Сами писатели-деревенщики сбились к 60-м годам в дистанцированную от столичных дел группу. Астафьев писал о своей учебе на Высших литературных курсах в Москве: «молодые ''культурные'' москвичи, имеющие под боком первоклассные библиотеки, академиков, маститых писателей и т. п., ничего за душой не имеют, кроме цинизма, пошленьких анекдотцев, литературных сплетен и беспрецедентного апломба». Писатели с периферии противопоставляли «интеллигентам» реальный жизненный опыт. Позиция наособицу от «прогресса», на стороне человека с земли сохраняется у литераторов этого круга по сей день.

Сегодня опыт послевоенной деревни и «крестьянского гуманизма» потерялся в тумане истории, где не бывает четких ориентиров. Один плодовитый московский прозаик и поэт выпустил в 2012 году «Краткий курс советской литературы», где пишет: «В русской литературе 70-х годов ХХ века сложилось направление, не имеющее аналогов в мире по антикультурной страстности, человеконенавистническому напору, сентиментальному фарисейству и верноподданническому лицемерию». Это о них, о деревенщиках: о Викторе Астафьеве, Борисе Можаеве, Василии Шукшине и, конечно, о Валентине Распутине.
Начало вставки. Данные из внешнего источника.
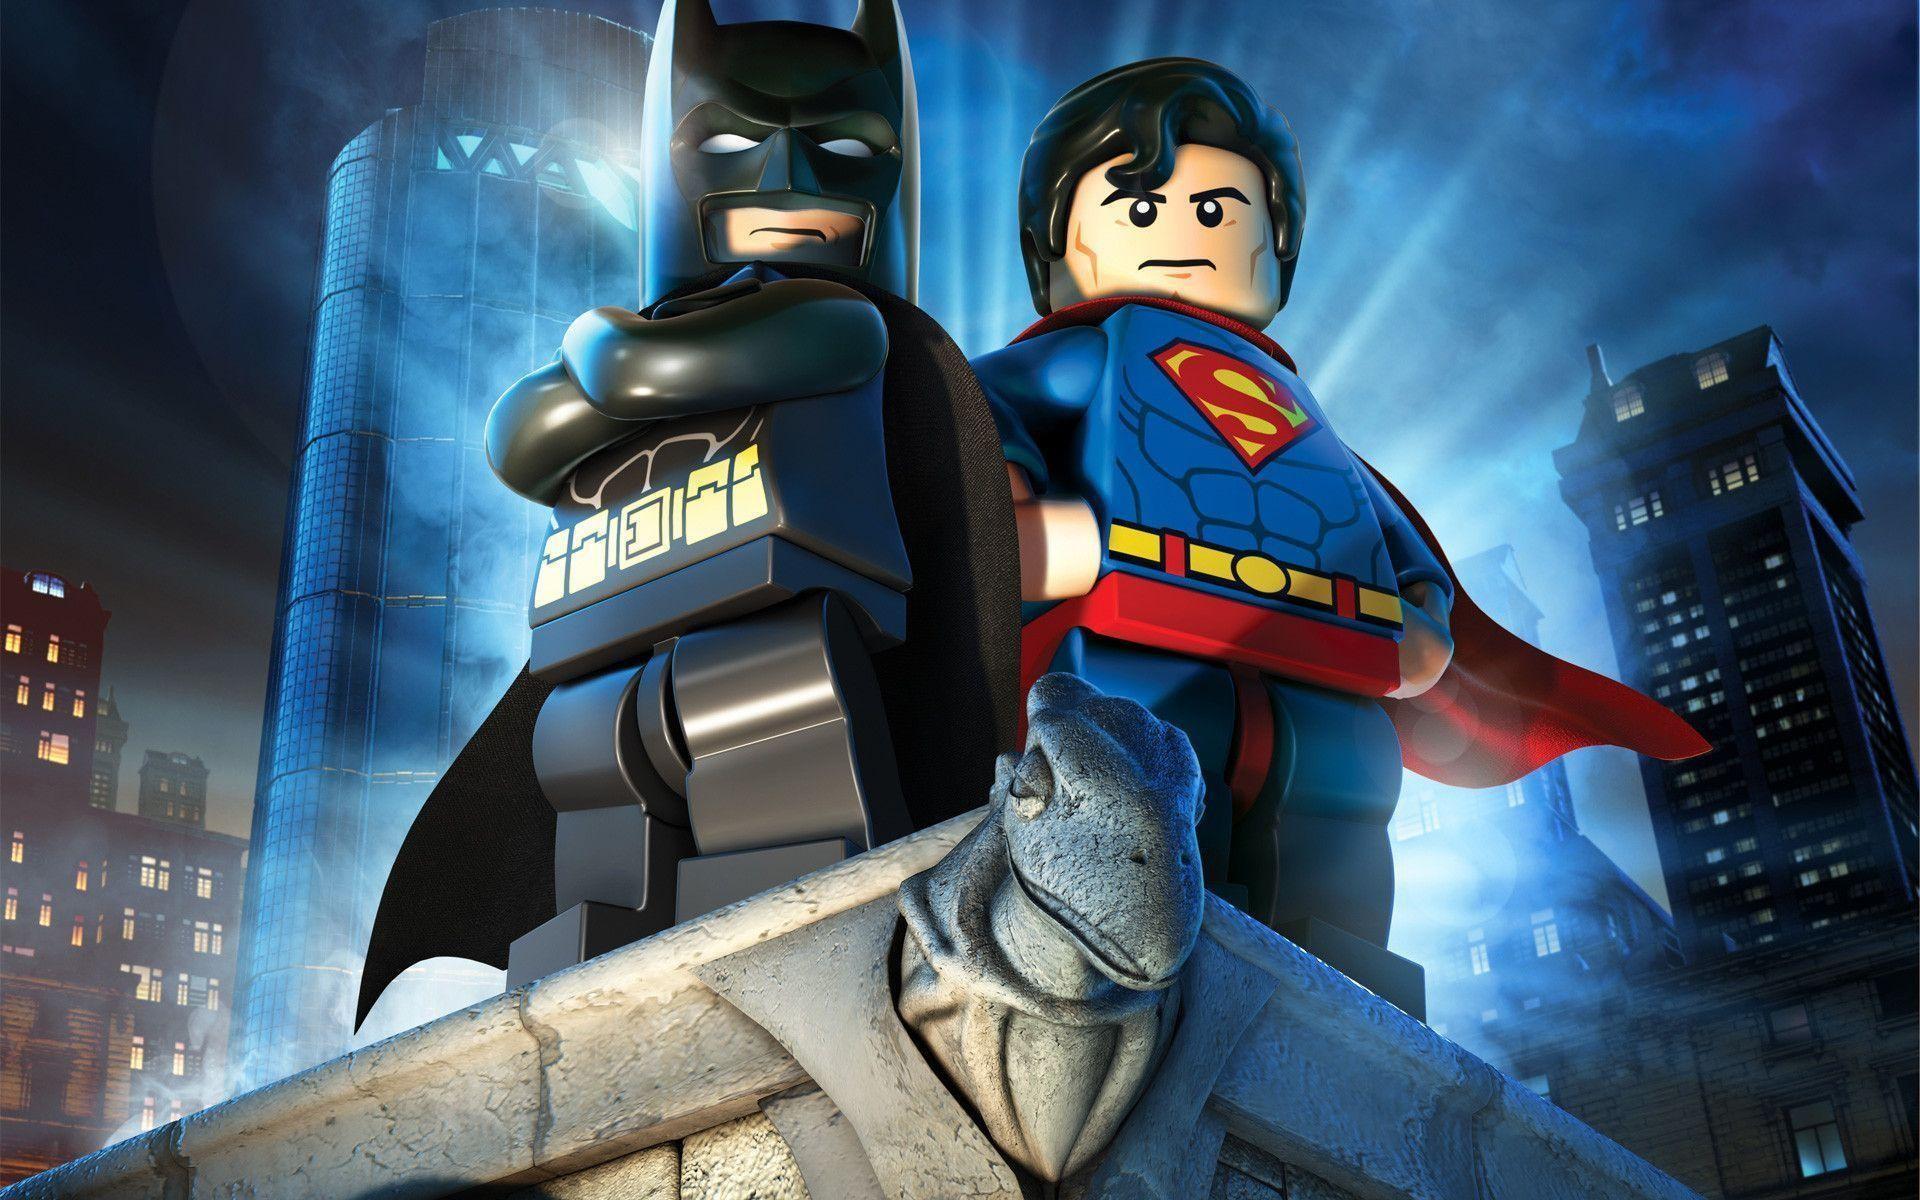 Res: 1920x1200, Free Lego Batman 2: DC Super Heroes Wallpaper in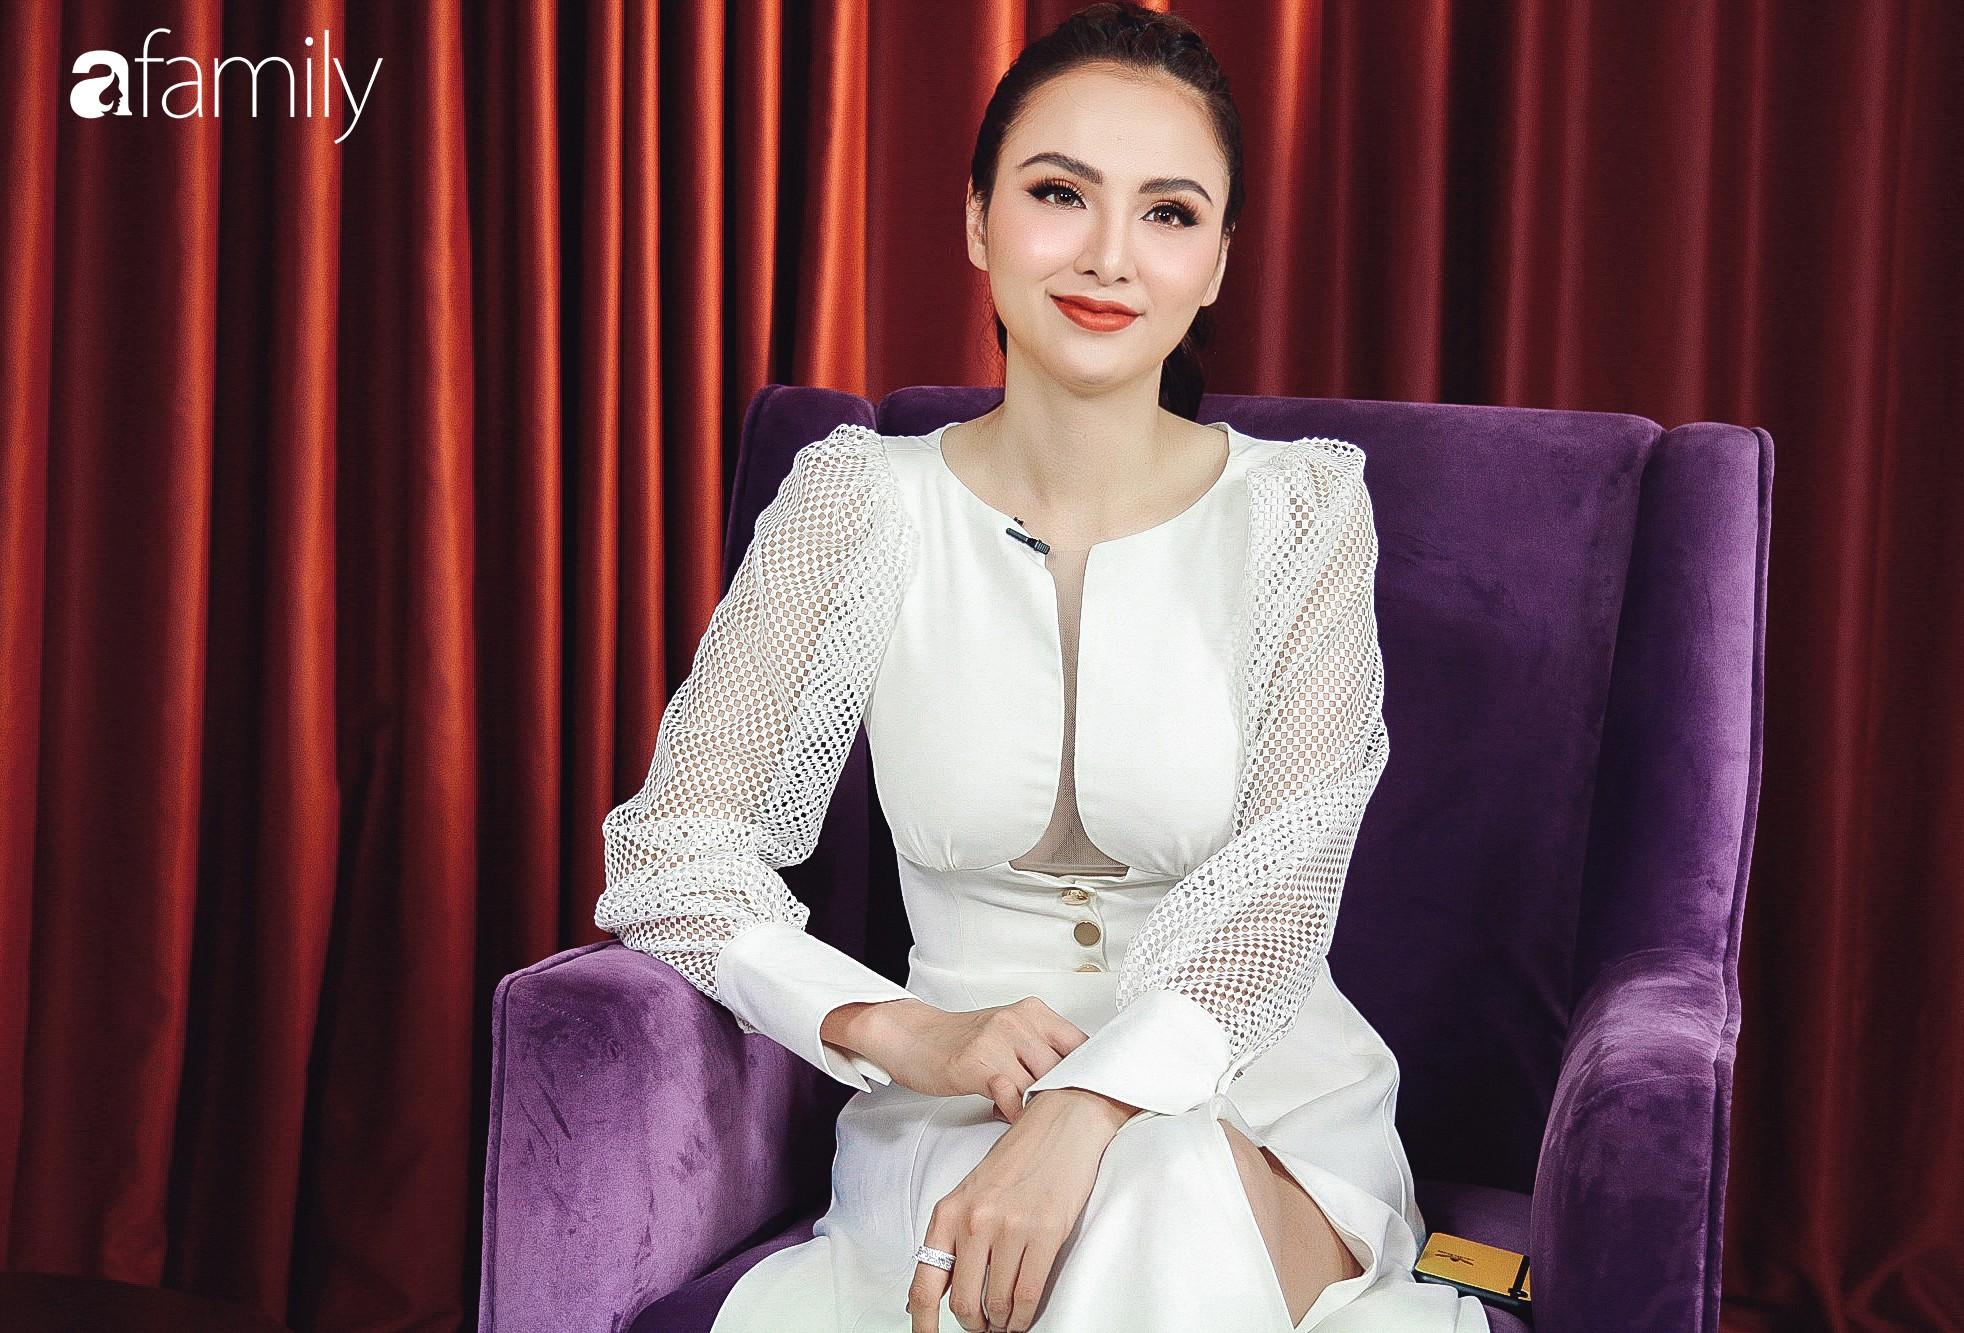 Hoa hậu Diễm Hương: Chồng nào cũng bảo nếu em đừng làm ra tiền thì đã dễ dạy hơn-8

Да, был за Распутиным курьезный грех: летом 1989-го он, народный депутат, первым предложил России выйти из состава СССР. Это было сказано в шутку, в ответ на деструктивные претензии депутатов из Прибалтики. Но получилось — всерьез. Последующие коллективные заявления против либеральных реформ, которые неизменно подписывал Валентин Распутин («Слово к народу», «Остановить реформы смерти»), не имели, разумеется, никакого практического результата. Но нет в них ни намека на «сентиментальное фарисейство», которое пусть останется на совести автора, презрительно записавшего лучшие образцы русской прозы 70-х годов в «советское».

Хождение Распутина во власть по горбачевскому призыву было кратким и не принесло пользы ни Распутину, ни стране, которой оставалось уже недолго. Наиболее ярко публицистический накал деревенщиков проявился позже, в первые годы после распада СССР. Ядреная смесь антифашизма и антисемитизма, презрения к демократическому крылу интеллигенции и шпиономании отпугнула многих, в первую очередь новые власти. Даже Солженицын после своего триумфального возвращения в Россию недолго продержался на экранах и в печати: его великодержавные приоритеты оказались не ко времени. Но лучшие свои книги весь этот круг уже выпустил.

Недавно ведущая одного новостного телеканала оговорилась, назвав Распутина автором «Прощания с Матреной». Оговорка простительна: и времени прошло немало, и не раз повторялось, что вся деревенская проза вышла из «Матренина двора». Это не совсем верно хронологически: рассказ, первоначальное название которого было «Не стоит село без праведника», напечатан в «Новом Мире» в 1963 году. Но сам Распутин писал, что деревенская литература на «Матренином дворе» — побывала. Конфликт русского и советского (а в позднейшей публицистике — российской власти девяностых и нулевых) разрешается в ней всегда в пользу человека.

Солженицын (которого Валентин Распутин в статье к его 80-летию поощрительно называл «зеркалом русской контрреволюции») писал о «советском сердце» Брежнева. Может быть, так. И писатели-деревенщики не возникли бы без большевистской политики индустриализации, разрушившей старую деревню, и Великой Войны. Но все же «Живи и помни», «Прощание с Матерой» входят в золотой фонд именно русской литературы, которая пережила советскую власть, переживет и литературные сплетни графоманов. Валентин Григорьевич Распутин до конца жизни участвовал в общественно-политической жизни страны, последнее его крупное заявление — коллективное письмо «Молчать не позволяет совесть» с осуждением выходки Pussy Riot. Деревенщики с самого своего появления в литературе вступали в конфликт с поверхностной цивилизованностью городской жизни. Есть мнение, что у многих это были комплексы из-за поздно полученного образования. Но зато с совестью у них все было в порядке.